- Born: Orville Wayne Rollins 1912 Ringgold, Georgia, US
- Died: 1991 (aged 78–79)
- Occupation: Businessman
- Known for: Founder of Rollins Inc.
- Spouse: Grace Crum Rollins
- Children: Gary Rollins Randall Rollins
- Relatives: John W. Rollins (brother)

= O. Wayne Rollins =

American businessman (1912–1991)

Orville Wayne Rollins (1912–1991) is the co-founder, with his younger brother John W. Rollins, of Rollins Inc., the US's largest pest control conglomerate.

==Early life==
Rollins was born in Ringgold, Georgia, in 1912, the son of John William Rollins and Claudia Nance Rollins, a farmer father and a schoolteacher mother. He graduated from Ringgold High School in 1930.

==Career==
Rollins worked for Standard-Coosa-Thatcher, a textile mill in Chattanooga, Tennessee, for 15 years, then for the Hercules Power Company as a TNT supervisor.
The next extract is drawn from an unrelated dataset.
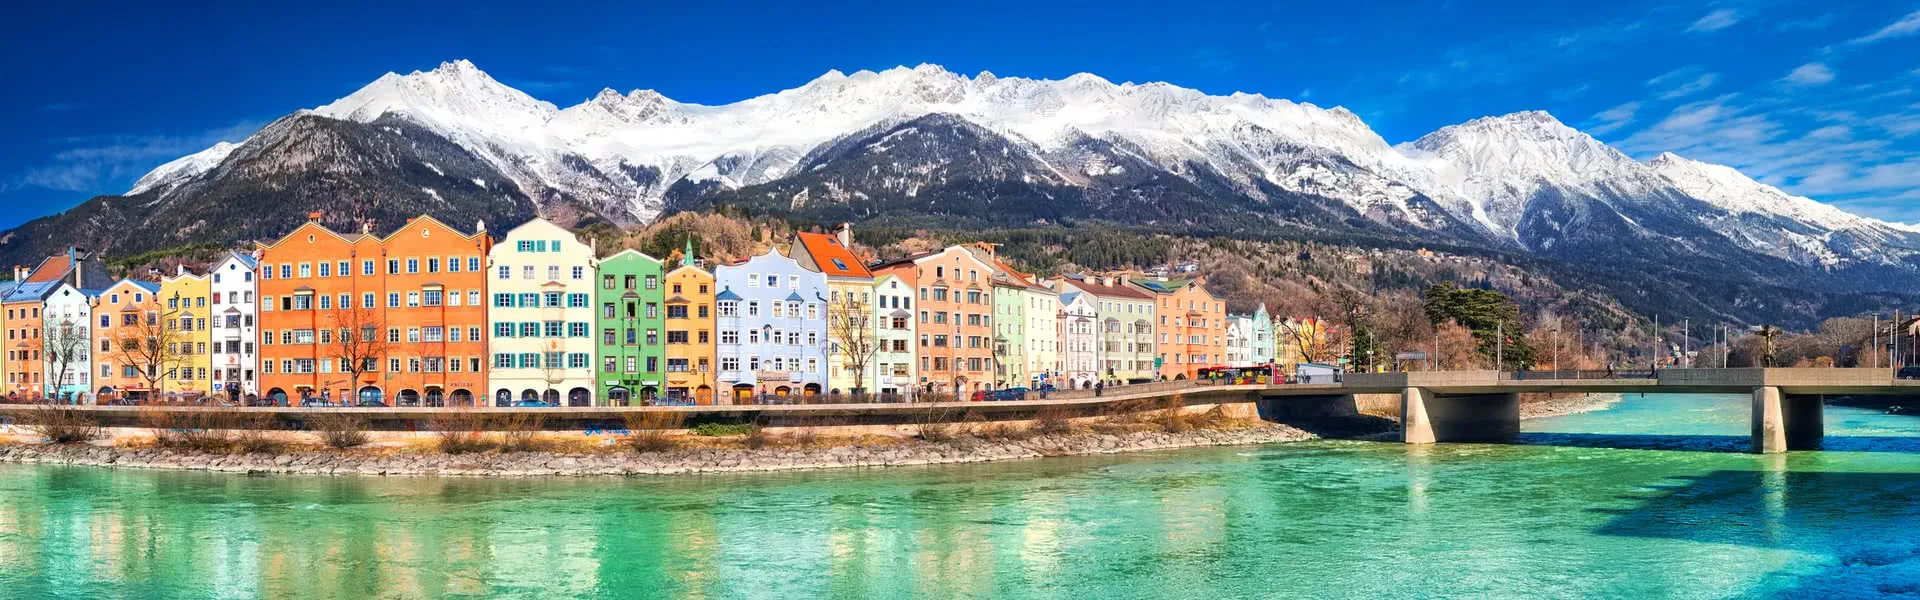 Innsbruck - das Reiseziel für Geschäftsreisen

He returned to Ringgold in 1945, and with his wife and younger brother began to rebuild a mineral springs resort. He then started a radio station to provide cheaper advertising for his brother's Virginia automobile dealership. Rollins Broadcasting was formed in 1948, and grew to control ten radio and four television stations.

In 1964, with company annual revenues of $9 million, he borrowed $60 million in the first leveraged buyout in the US to buy Orkin from its family owners, and move into the pest control business.

In 1982, Rollins received the Golden Plate Award of the American Academy of Achievement. In 1986, he received a Horatio Alger Award for his "rags-to-riches" life story.

==Personal life==
He was married to Grace Crum Rollins. She was born on September 20, 1910, and died on August 8, 2009, aged 98.

He had two sons, Gary Rollins and Randall Rollins.